Main Session
Sep 30
PQA 09 - Hematologic Malignancies, Health Services Research, Digital Health Innovation and Informatics

3610 - Automating Patient Message Responses Using AI in Radiation Oncology Clinic: What is the Potential?

04:00pm - 05:00pm PT
Hall F
Screen: 4
POSTER

Presenter(s)

Tomas Dvorak, MD - Orlando Health Cancer Institute, Orlando, FL

J. Salazar1, C. Vasquez2, and T. Dvorak1; 1Department of Radiation Oncology, Orlando Health Cancer Institute, Orlando, FL, 2Orlando Health Cancer Institute, Orlando, FL

Purpose/Objective(s): Patient-provider communication via electronic health record (EHR) software systems like EPIC MyChart is resource-intensive. This study assesses the proportion of inbound patient messages in a radiation oncology practice that artificial intelligence (AI) could automate, with or without EHR integration, to optimize clinical efficiency.

Materials/Methods: Inbound MyChart messages from patients to nurses in a radiation oncology office were reviewed for April 2024. A total of 173 messages across 97 threads were manually evaluated by staff. Messages were categorized: (1) answerable by AI with no EHR integration (copy/paste response), (2) answerable with AI access to EPIC and other EHRs, and (3) not answerable by AI even with integration. Feasibility was based on content (e.g., pleasantries, scheduling, physician knowledge). Three AI models (GPT, Gemini, Meta) were tested on automatable pleasantries, rated on a 3-point scale (2=good, 1=ok, 0=not good), compared to nurse responses. Assumptions include consistent patterns and AI language capability. Chi-square tests assessed differences.

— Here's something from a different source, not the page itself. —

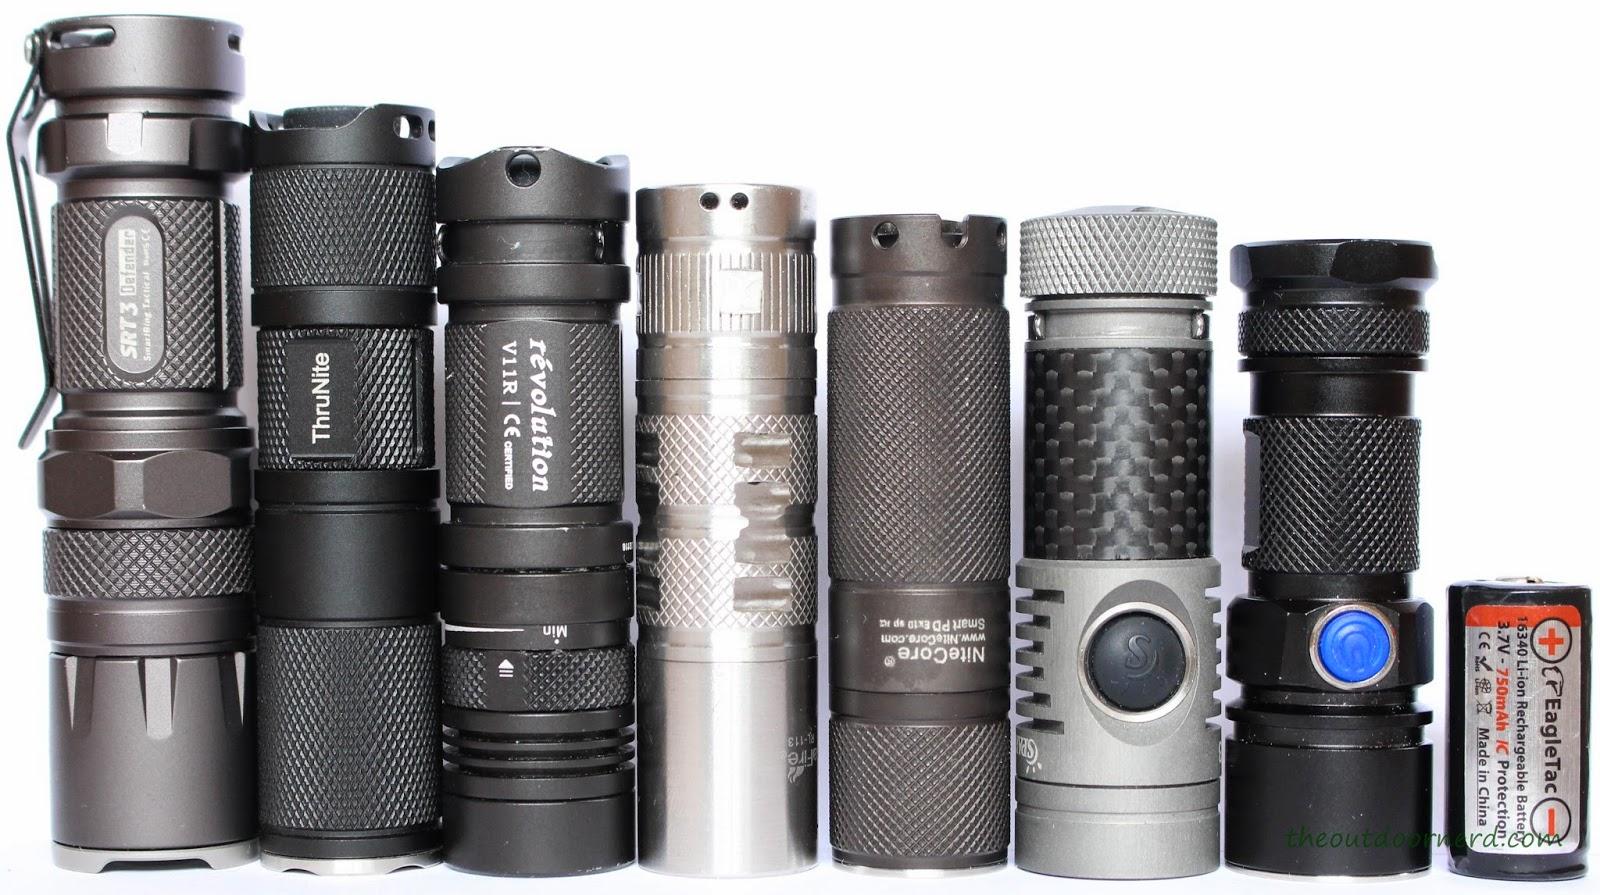 From Left: NiteCore SRT3, Thrunite Neutron 1C, Sunwayman V11R, UltraFire RJ118, Nitecore Ex10, Spark SF3, SolarStorm SC03

Results: Of 173 messages, 76 (44%) were answerable by AI without EHR integration, all of these were “pleasantries” during or at the end of a text exchange; GPT, Gemini, and Meta scored 1.5, 1.3, and 1.6, respectively, vs. nurses’ 1.6 (17/76 responses). Nurses did not respond to 59 /76 (78%) of these patient messages. An additional 49 messages (28%) could be automated with EHR access, including scheduling (33), medications (8), and history (3). The remaining 48 messages (28%) were not automatable, needing physician knowledge (28), insurance information (4), or requests requiring a phone call (7) (p<0.01). Total automatable messages were 125 (72%).

Conclusion: AI could potentially automate 72% of MyChart messages, with 44% being pleasantries and 28% using EHR data for scheduling, medications, and history. Complex queries needing human expertise were further 28%. Free-standing AI models not integrated into the EPIC interface currently bring limited value to our EHR patient interactions. Future work will explore potential integration challenges.